+++ Exercise data +++

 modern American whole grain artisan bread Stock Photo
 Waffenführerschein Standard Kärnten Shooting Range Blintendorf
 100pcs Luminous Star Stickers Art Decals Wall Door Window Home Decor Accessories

+++
+++ Exercise data +++

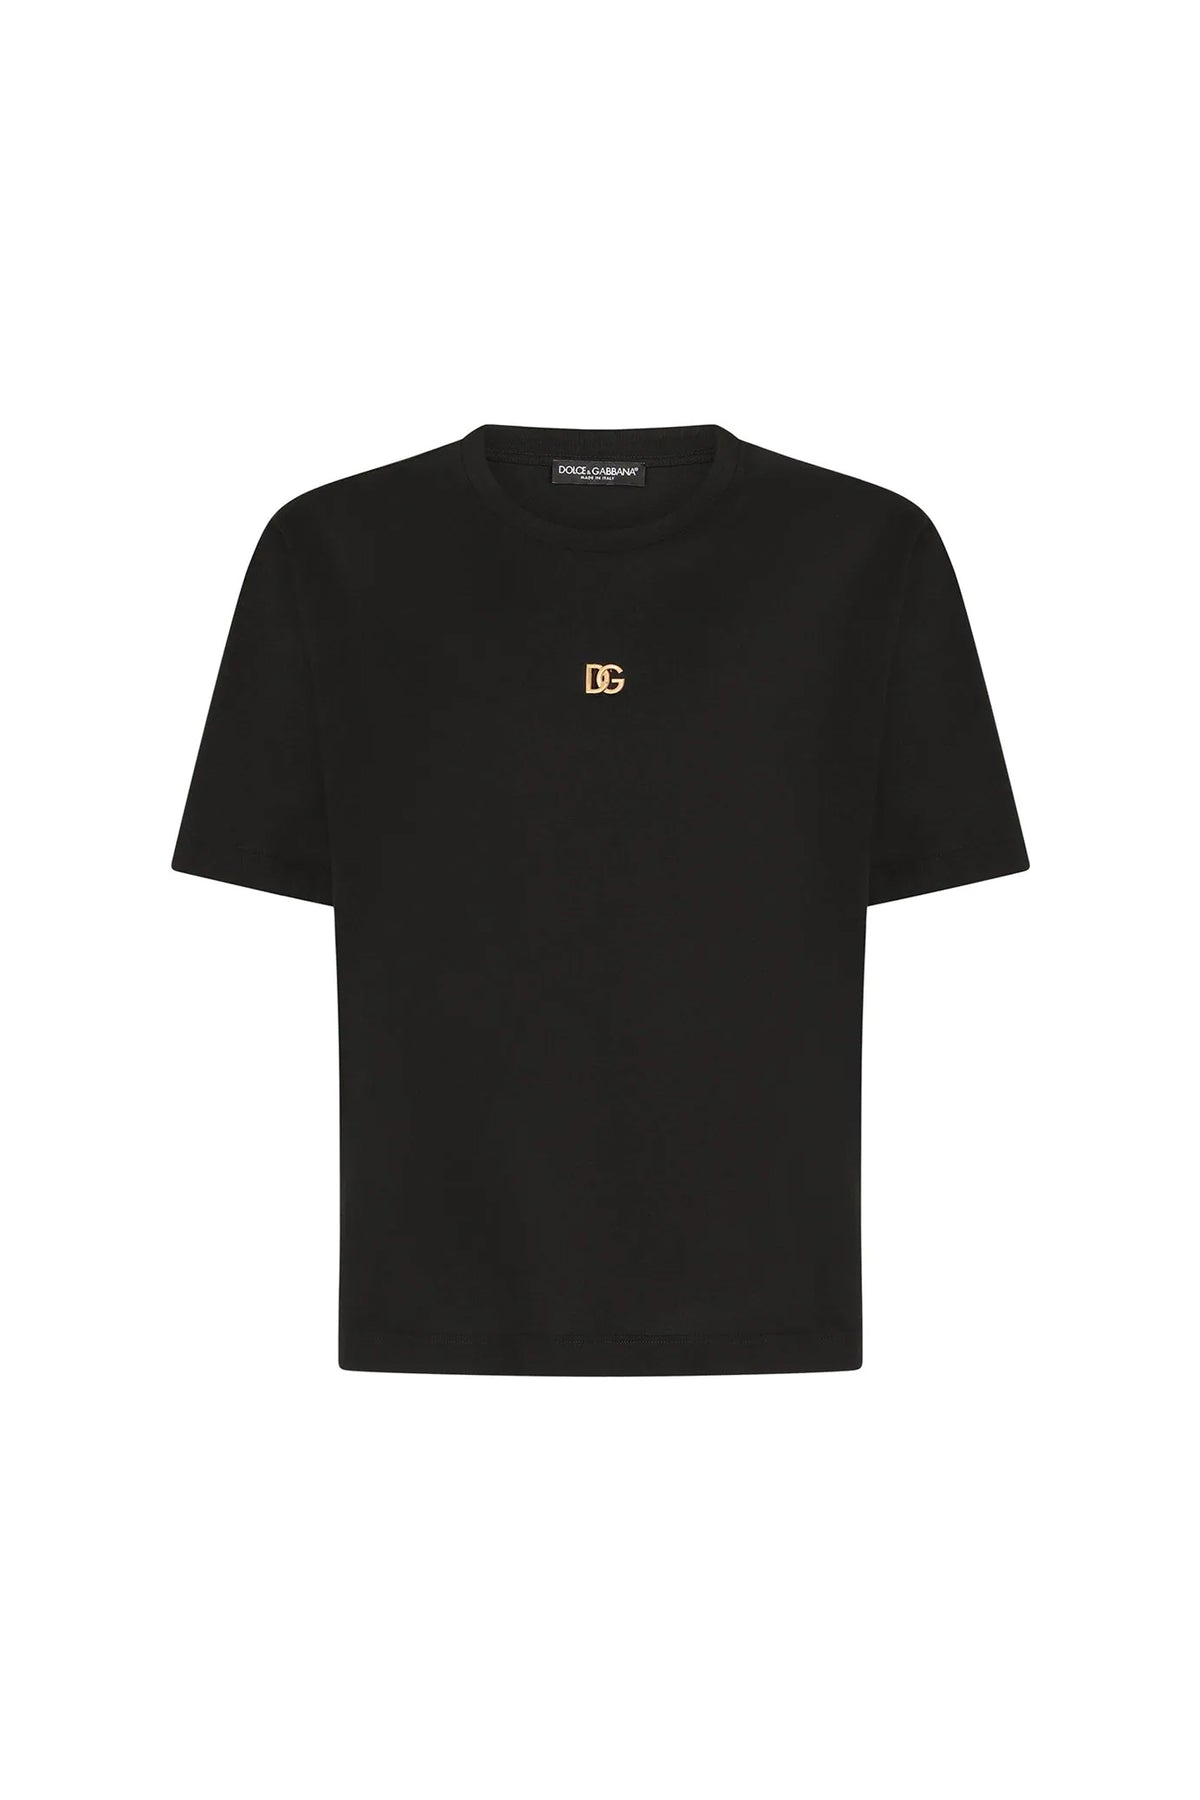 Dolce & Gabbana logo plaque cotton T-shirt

+++

The required output is the stretch of entries above from the line containing "modern American whole" through the line containing "100pcs Luminous Star", reproduced exactly.

_Result below_:
 modern American whole grain artisan bread Stock Photo
 Waffenführerschein Standard Kärnten Shooting Range Blintendorf
 100pcs Luminous Star Stickers Art Decals Wall Door Window Home Decor Accessories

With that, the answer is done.